Ya i was at sand lake last weeknd and there were geese going to nd fast !!!!!!!!!!! :beer: BUt there were a lot of geese leaving so ya they are going to nd


----------



## R&amp;B OUTFITTERS (Feb 25, 2004)

There must be snows in North Dakota, Because there are lots already in Saskatchewan. They started moving in first thing this morning , and have never quit. They are coming from North Dakota at least from the south.


----------



## buckseye (Dec 8, 2003)

I live about 40 miles from Canada and they have been going over most of the day, heading west north west. North of Minot should be good, lookout Darling!


----------



## Leo Porcello (Jul 10, 2003)

buckseye said:


> North of Minot should be good, lookout Darling!

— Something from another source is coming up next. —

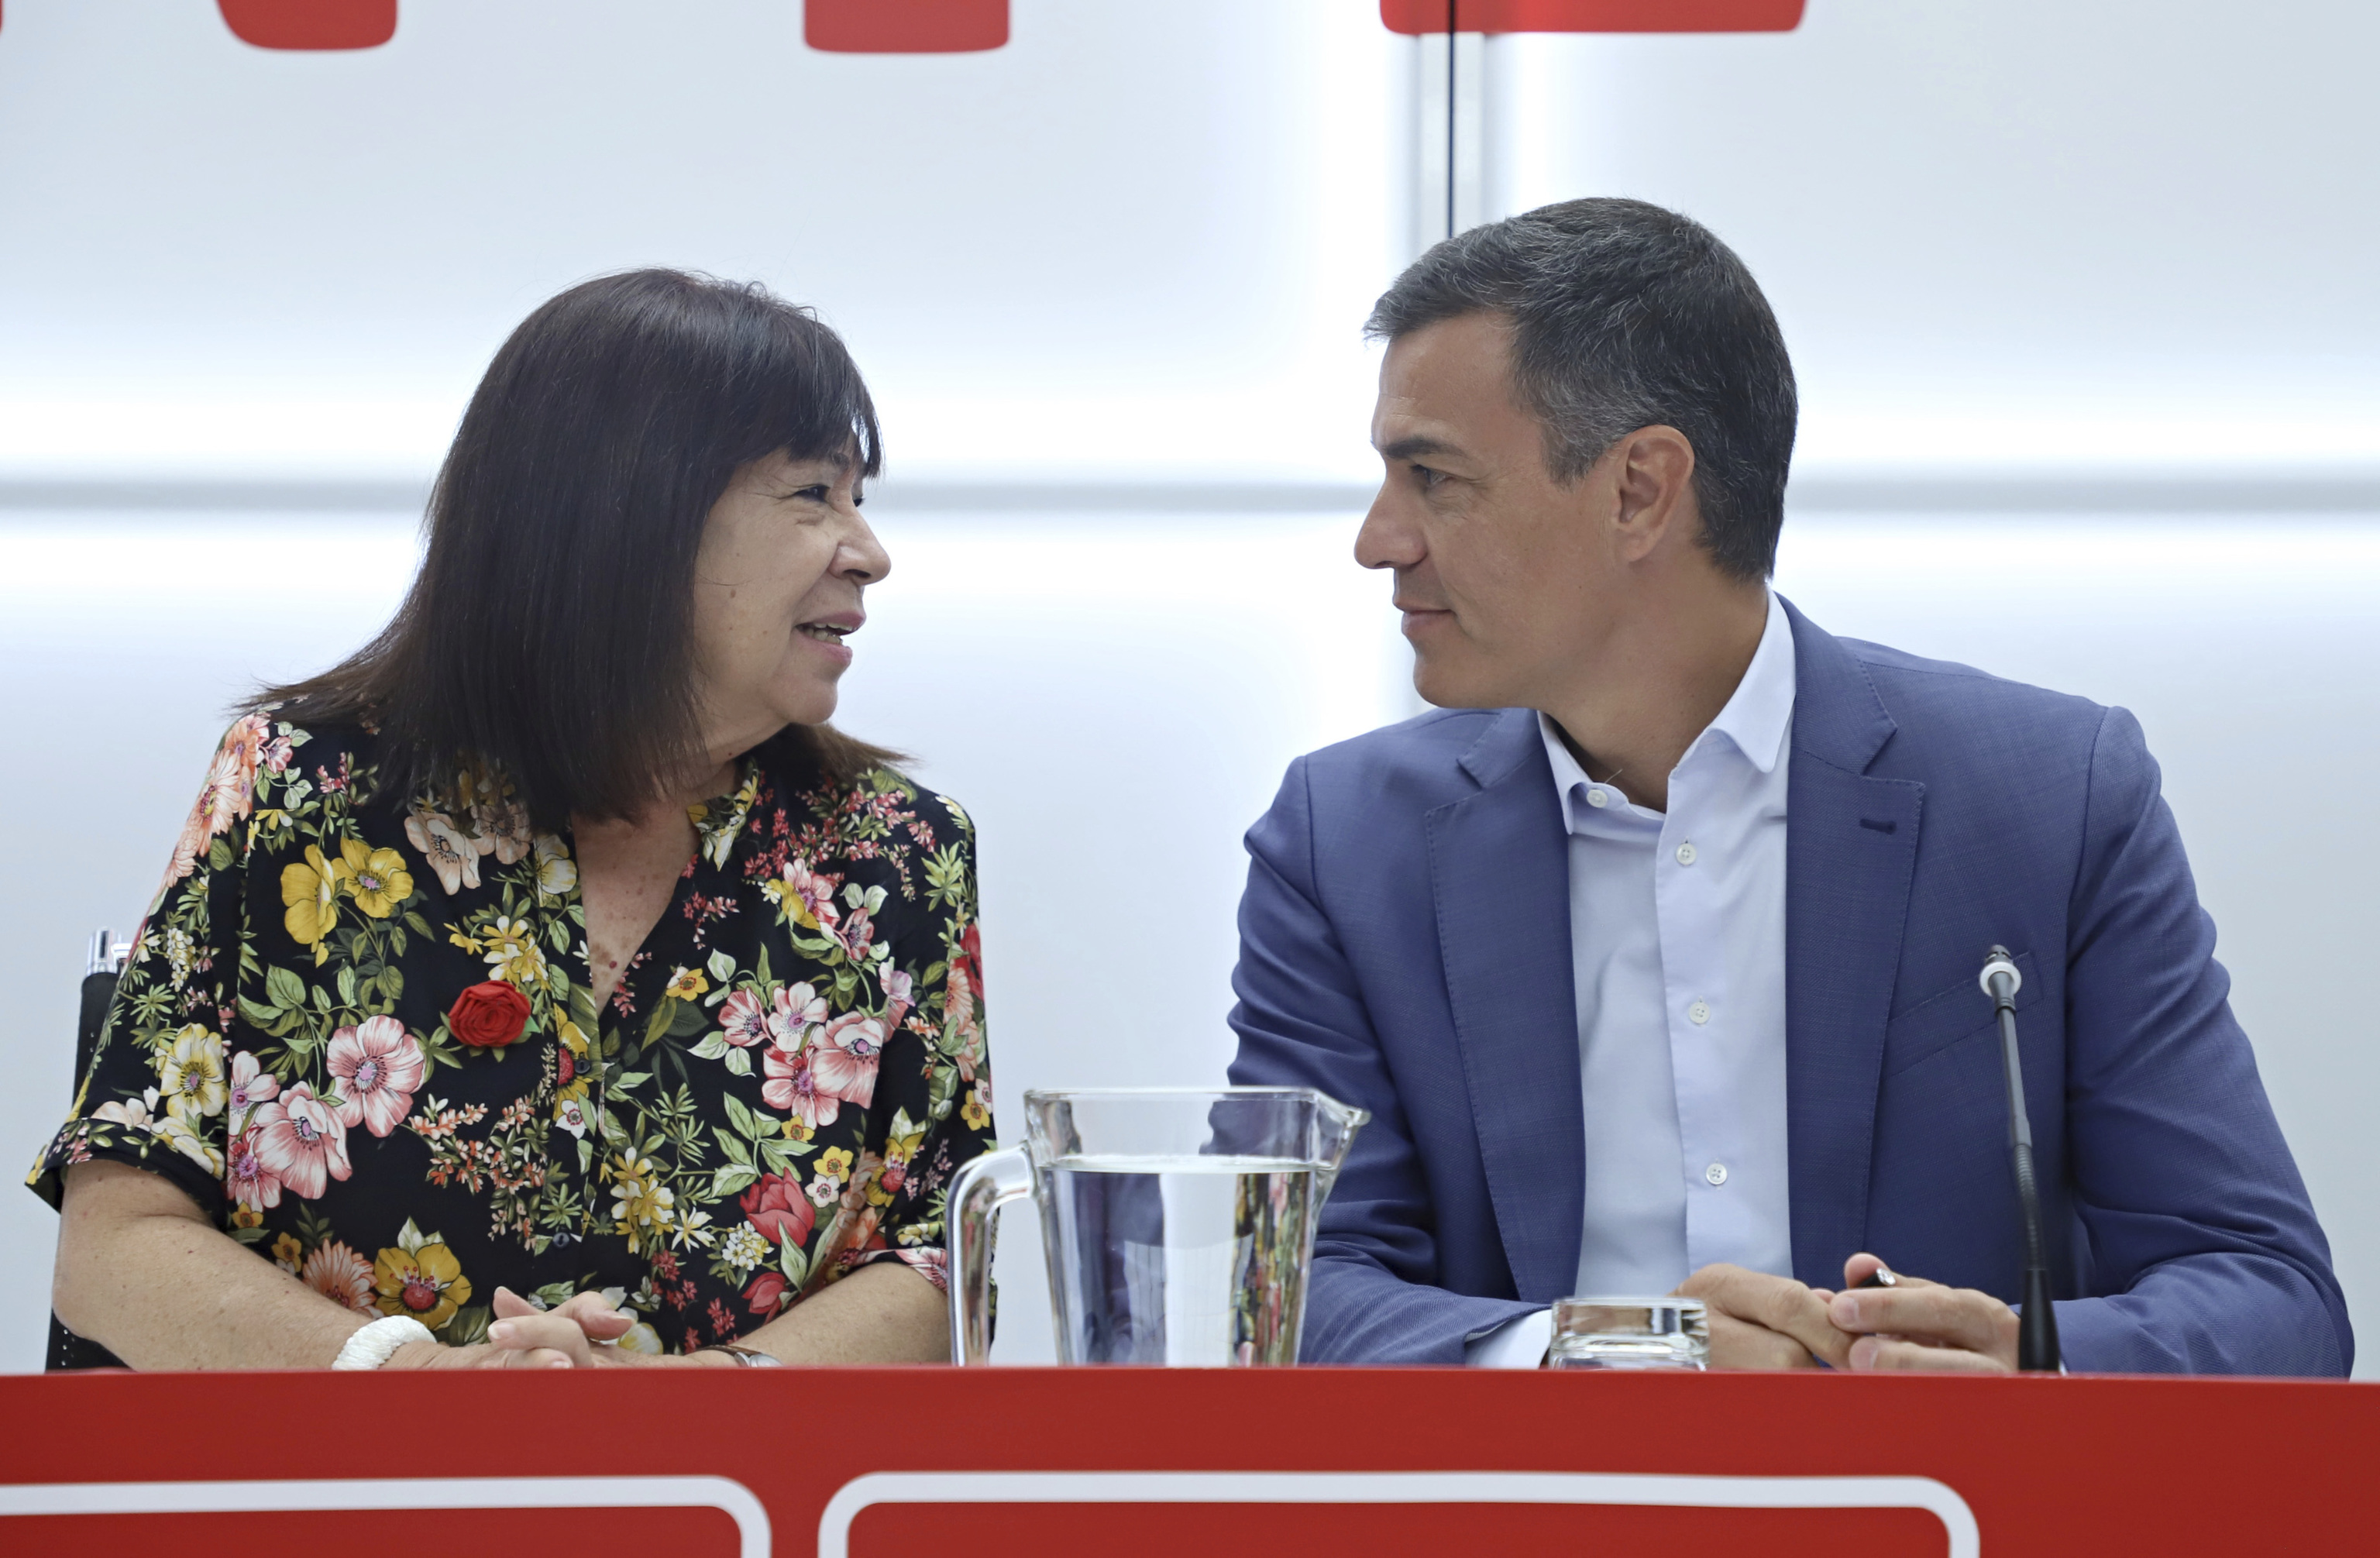 Snchez presidiendo la Comisin Ejecutiva Federal del PSOE junto a Cristina Narbona

Just came in from there. One snow on the ground and nothing on the lake or anywhere else (snows). Plenty of canadas. However flock after flock high and heading north even as the sun was set. Going in the morning but not sure where. But anywhere is better than the couch.


----------



## buckseye (Dec 8, 2003)

yep with the tailwinds they have they won't stop now till they are tired.


----------



## goosebusters (Jan 12, 2006)

I think this basically sums up this topic 
http://www.nodakoutdoors.com/forums/album_page.php?pic_id=3951

And this isn't even half of the flock. I couldn't fit it in the shot.


----------



## KEN W (Feb 22, 2002)

Steady stream of snows going over in the fog this morning.All headed into Manitoba.


----------



## buckseye (Dec 8, 2003)

saw some ducks and a bunch of blackbirds too, spring has sprung


----------



## fargodawg (Sep 20, 2005)

saw a lot of SNows by Milnor today, I wont get down there to hunt, but good luck to you all, and yes they are in the fields


----------